Черной сентябрьской ночью она поднялась в кедрачи. Орех бился легко, шишки слетали, что птахи. Собирала их наощупь, по сырым мхам. До утра выщелушивала. За сутки три куля набила чистого ореха. Другой ночью спустила его на ту тропу, по которой бегала к Степану. По этой тропке и несла она на плечах два куля орех, оставив куль в своем балагане. Уже подходила к третьей поляне и услышала, как егерь распекает встречных баб. Присела с кулями на плечах, но долго не удержалась. Скатилась вниз, поскользнувшись. Только и слышала вослед: «Медведь! Медведь!» – и треск сучьев под ногами перепуганных баб. Потом соседка Лагутина тишком поведала ей, как они тайком промышляли орех с товарками, наткнулись на лесника, но всех спас медведь. Жаль, что орехи побросали.

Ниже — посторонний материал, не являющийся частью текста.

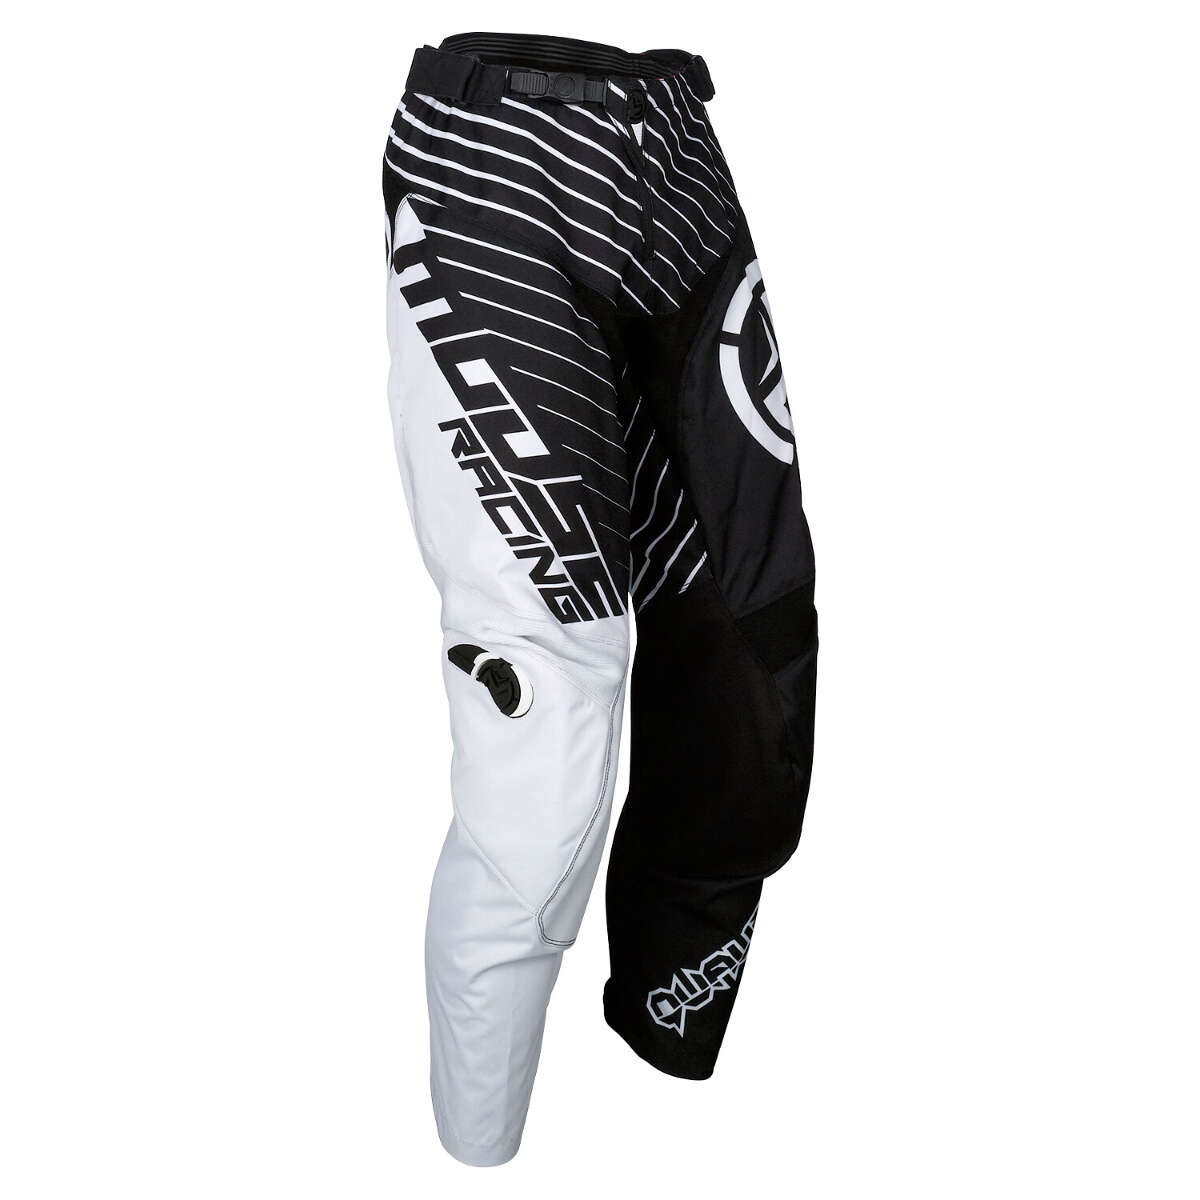 Moose Racing MX Pants Qualifier Black/White - Large Fit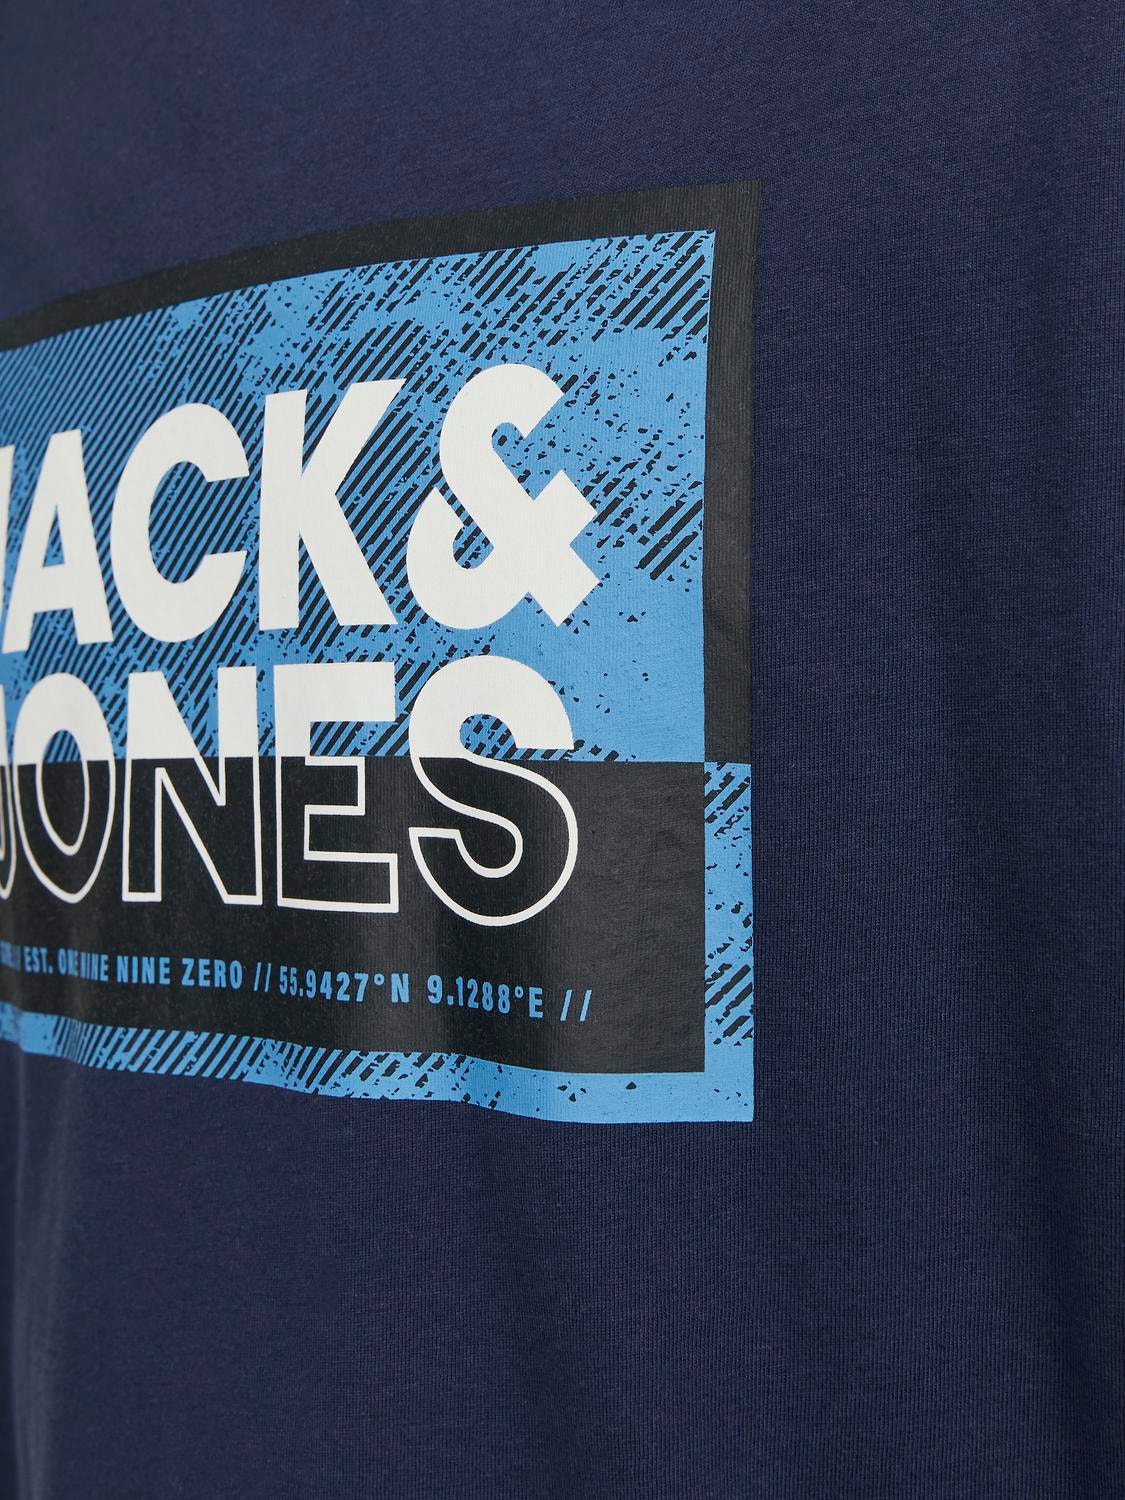 Jack & Jones Logo Pyöreä pääntie T-paita -Navy Blazer - 12253442

Куль орех Большая Павла обменяла на козочку, которую Капитолина назвала Сильвой. Они с классом ездили в Иркутск и смотрели постановку «Сильва». Это маленькое, пушистое и прехорошенькое существо, кричавшее детским голосом, превратилось в хитрую, наглую и упрямую козу, приносившую много неприятностей окружающему миру. Но молока она давала много, и густое. И козлят носила. Девки вырастили еще козочку, ее дочу, и назвали ее Дочей.
На козьем молоке девчонки подравнялись, зарумянились, налились девичьим, молодым теплом. Уже ясно обозначился нрав обеих.
Старшая, Капитолина, нравом сшибала на молодую Павлу и козу Сильву. Но красивою росла. Млечная вся, крепенькая, что ядрышко, чернобровая, и косы стемна, так и бьют по заду, как молодые жеребцы скачут. Вылитый дед Степан! «Ох, и наломает она дров! – думала, глядя на нее, Большая Павла. – Добро бы только свою сломает жизнь, а то, поди, мужиков покосит…»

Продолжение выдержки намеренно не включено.